Rittenhouse was 17 years old when he drove about 20 miles to Kenosha, Wisconsin, last August during protests over police brutality. During the unrest, Rittenhouse shot and killed two men and wounded a third. 

During his closing argument on Monday, Assistant District Attorney Thomas Binger called Rittenhouse a “wannabe soldier” who provoked the crowd to attack him. 

“Under Wisconsin law, you’re not allowed to run around and point your gun at people. This is the provocation. This is what starts this incident,” Binger told the jury while showing a video that he claims depicts Rittenhouse waving his gun at protesters. 

“You lose the right to self-defense when you’re the one who brought the gun, when you are the one creating the danger, when you’re the one provoking other people.”

Assistant District Attorney Thomas Binger holds Kyle Rittenhouse’s gun as he gives the state’s closing argument in Kyle Rittenhouse’s trial at the Kenosha County Courthouse in Kenosha, Wis., on Monday, Nov. 15, 2021.  (Sean Krajacic/The Kenosha News via AP, Pool)

Defense attorney Mark Richards slammed Binger as a desperate prosecutor who mishandled the case and is now resorting to the provocation claim. 

“Think back to November second when this case started, did you hear one word out of Mr. Binger’s mouth about provocation? You didn’t. Because it was never said,” Richards told the jury. “But when his case explodes in his face, now he comes out with provocation.”

Rittenhouse testified last week that 36-year-old Joseph Rosenbaum, the first man gunned down that night, threatened to kill him and tried to grab his gun. 

“If I would have let Mr. Rosenbaum take my firearm from me, he would have used it and killed me with it and probably killed more people,” Rittenhouse said.

During closing arguments, Richards called Rosenbaum a “crazy person” who was “hell-bent on causing trouble that night,” while Binger said that Rosenbaum was “not even within arm’s reach when the first shot” occurred. 

Mark Richards, Kyle Rittenhouse’s lead attorney, center, stands in from of his team as they wait for the day to begin at the Kenosha County Courthouse on November 15, 2021 in Kenosha, Wisconsin. (Photo by Sean Krajacic-Pool/Getty Images)
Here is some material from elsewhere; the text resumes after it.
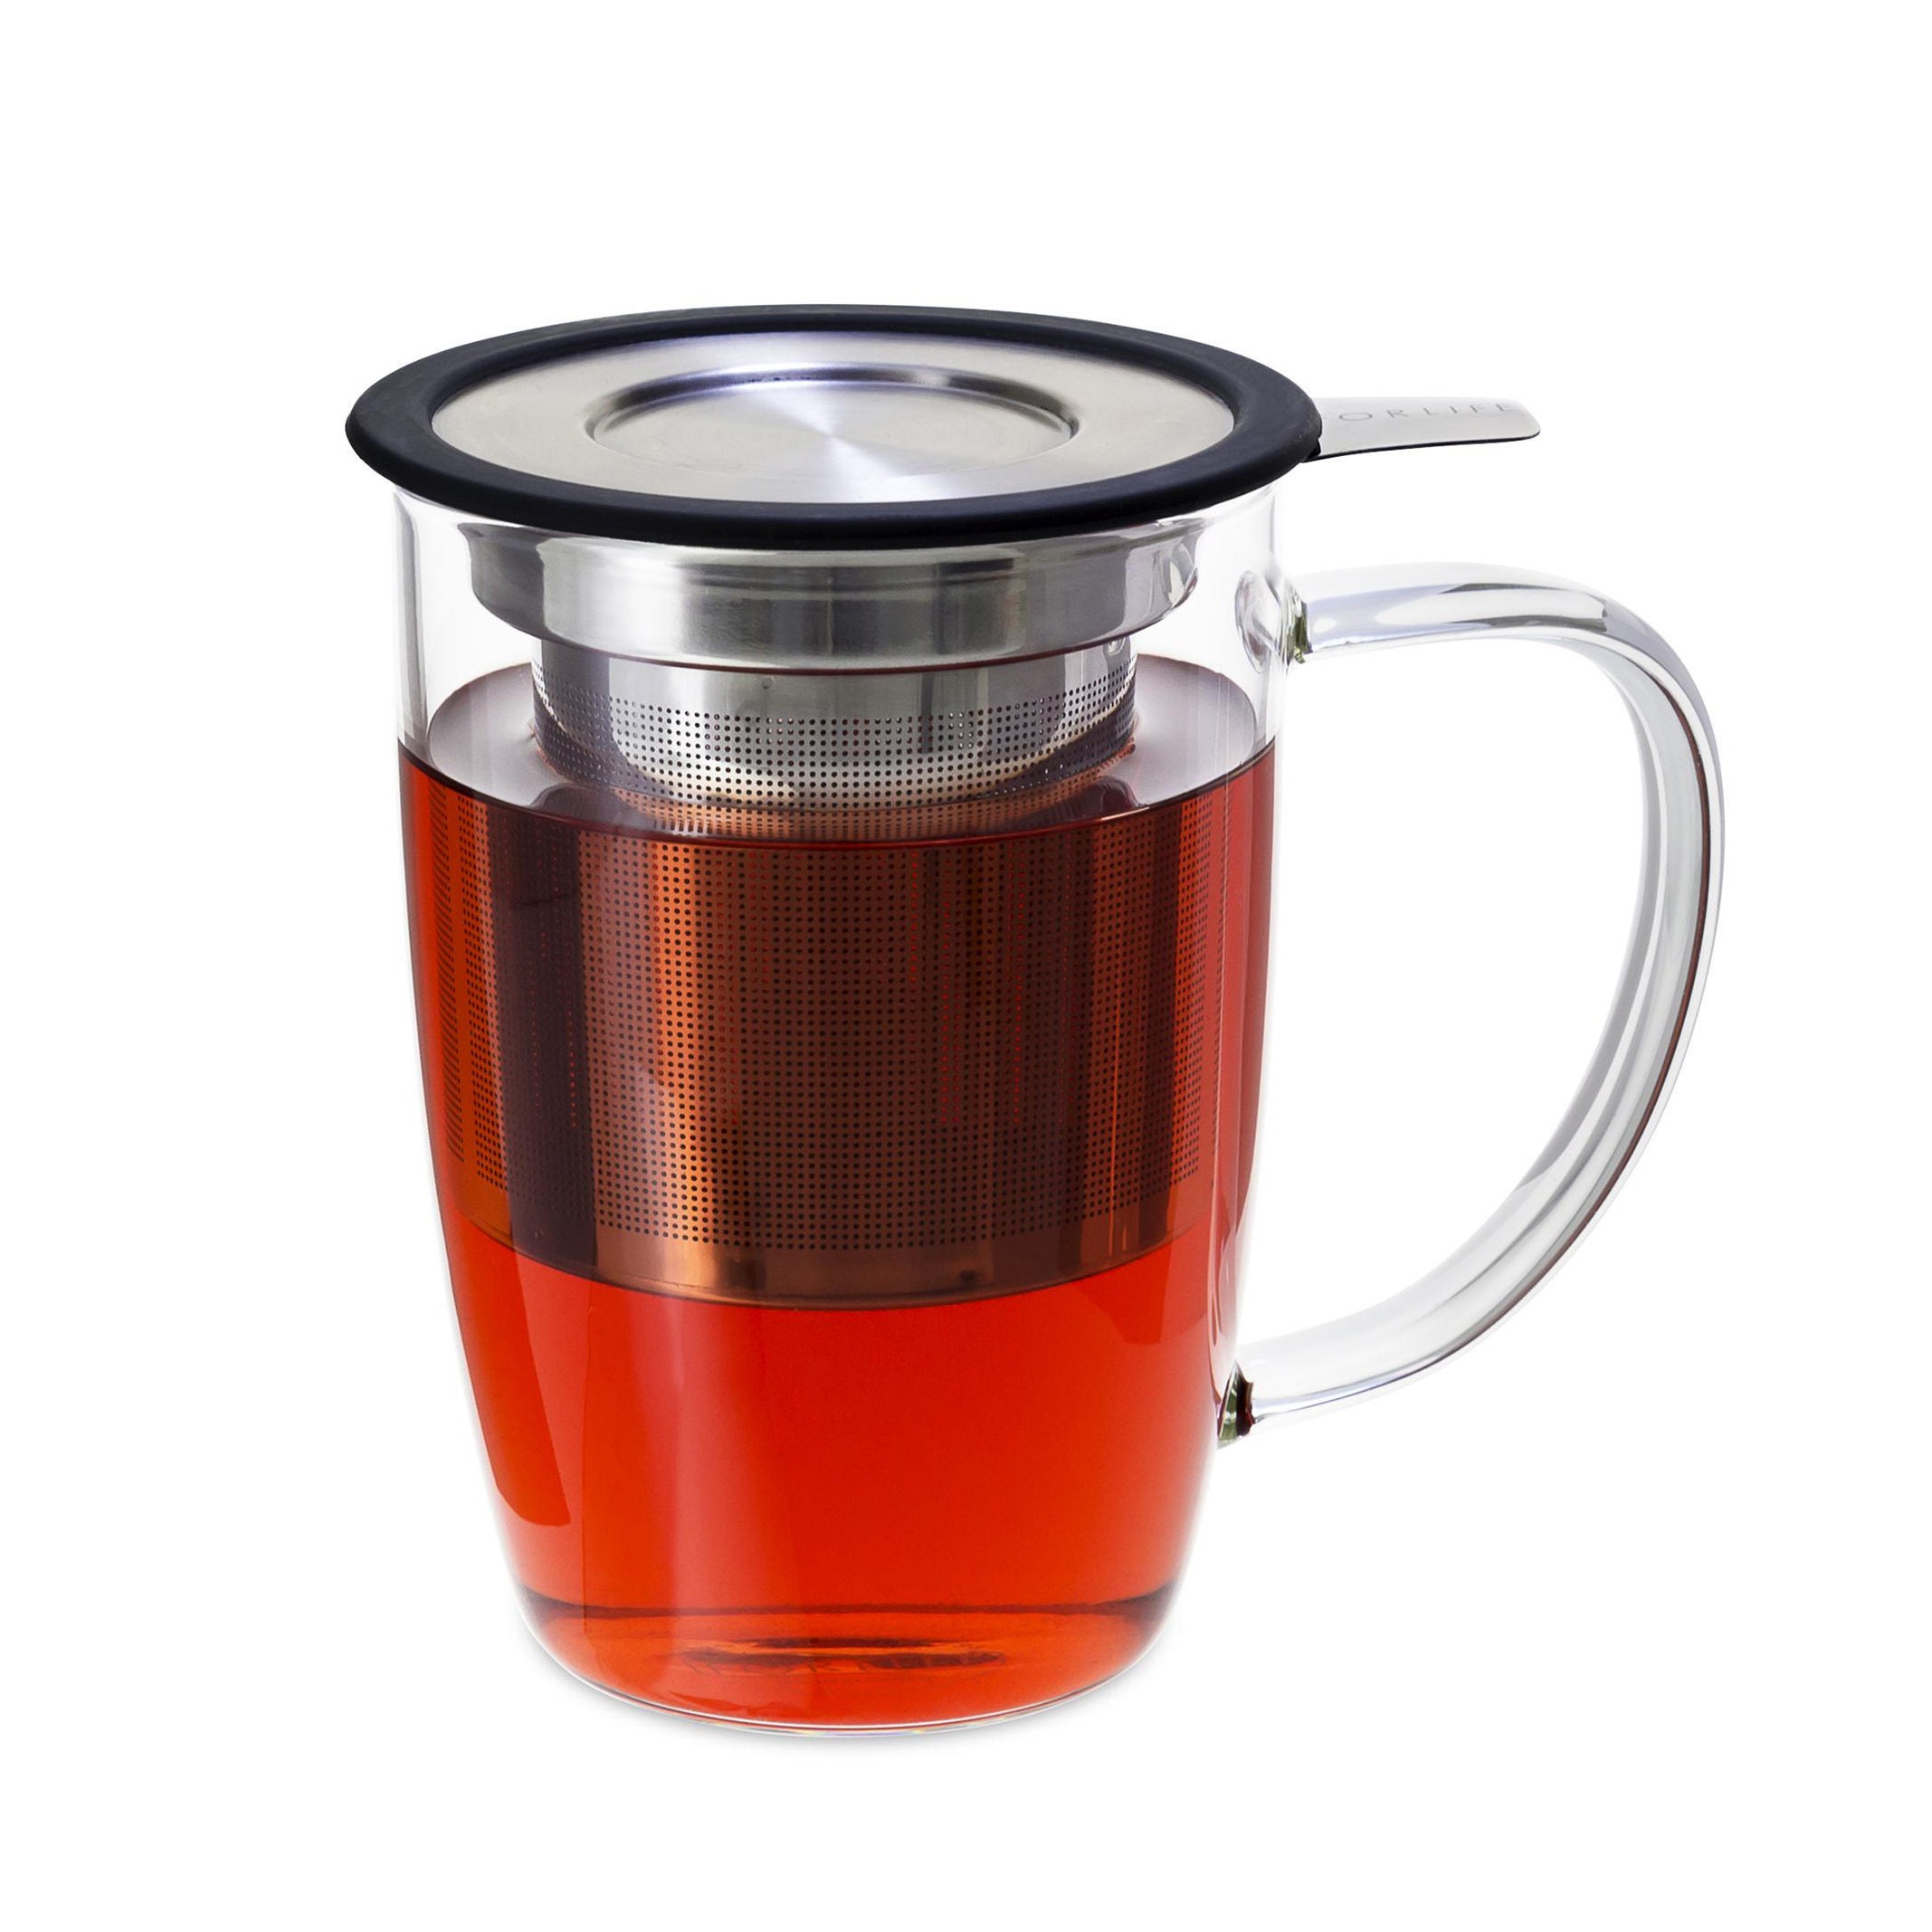 Кружки для заварки. Glass Tea Infuser.. Кружки для заварки чая. Стеклянная Кружка для заварки чая. Заварка для кружки.
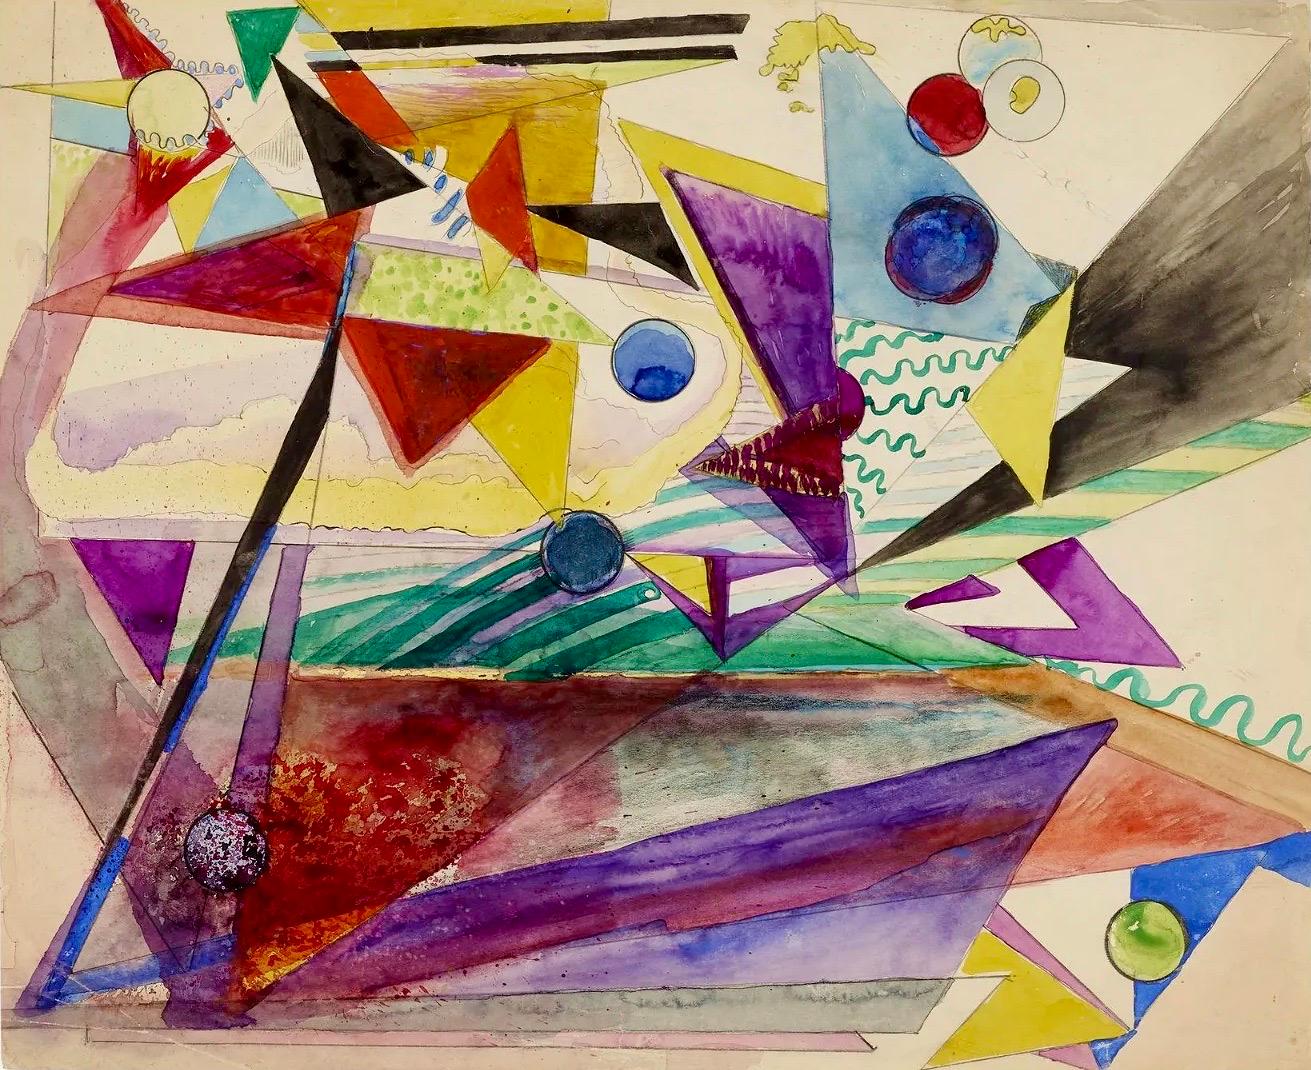 Abstract Drawing Hilla Rebay von Ehrenwiesen - Œuvre abstraite et non objectif sur papier - Dessin d'une artiste de Guggenheim représentant une femme, années 1940

Moments after Rittenhouse shot Rosenbaum, 26-year-old Anthony Huber could be seen on bystander video hitting Rittenhouse with a skateboard. Rittenhouse shot and killed Huber, then shot 28-year-old Gaige Grosskreutz once in the arm. Grosskreutz testified at trial that his handgun was pointed at Rittenhouse. 

Binger said that the crowd had the right to believe that Rittenhouse was an “active shooter” after the initial Rosenbaum shooting. 

“It is entirely reasonable for that crowd to believe at that moment that he is a threat to kill again,” Binger said Monday. “I submit to you, ladies and gentlemen, that in this situation, the crowd has the right to try and stop an active shooter. They have a right to protect themselves.”

Richards called Binger’s assertion that Rittenhouse was an active shooter “BS.”

“Kyle Rittenhouse’s behavior was protected under the law of the state of Wisconsin, the law of self-defense,” Richards told the jury. “Kyle Rittenhouse shot Mr. Rosenbaum because he was attacking Kyle. Every person who was shot was attacking Kyle: one with a skateboard, one with his hands, one with his feet, and one with a gun. Hands and feet can cause great bodily harm.”

Wisconsin’s self-defense law permits someone to use deadly force if “necessary to prevent imminent death or great bodily harm to himself or herself.”

Eight men and 10 women have been hearing the case. A dozen jurors will be drawn randomly on Tuesday morning and the other six will be designated as alternates.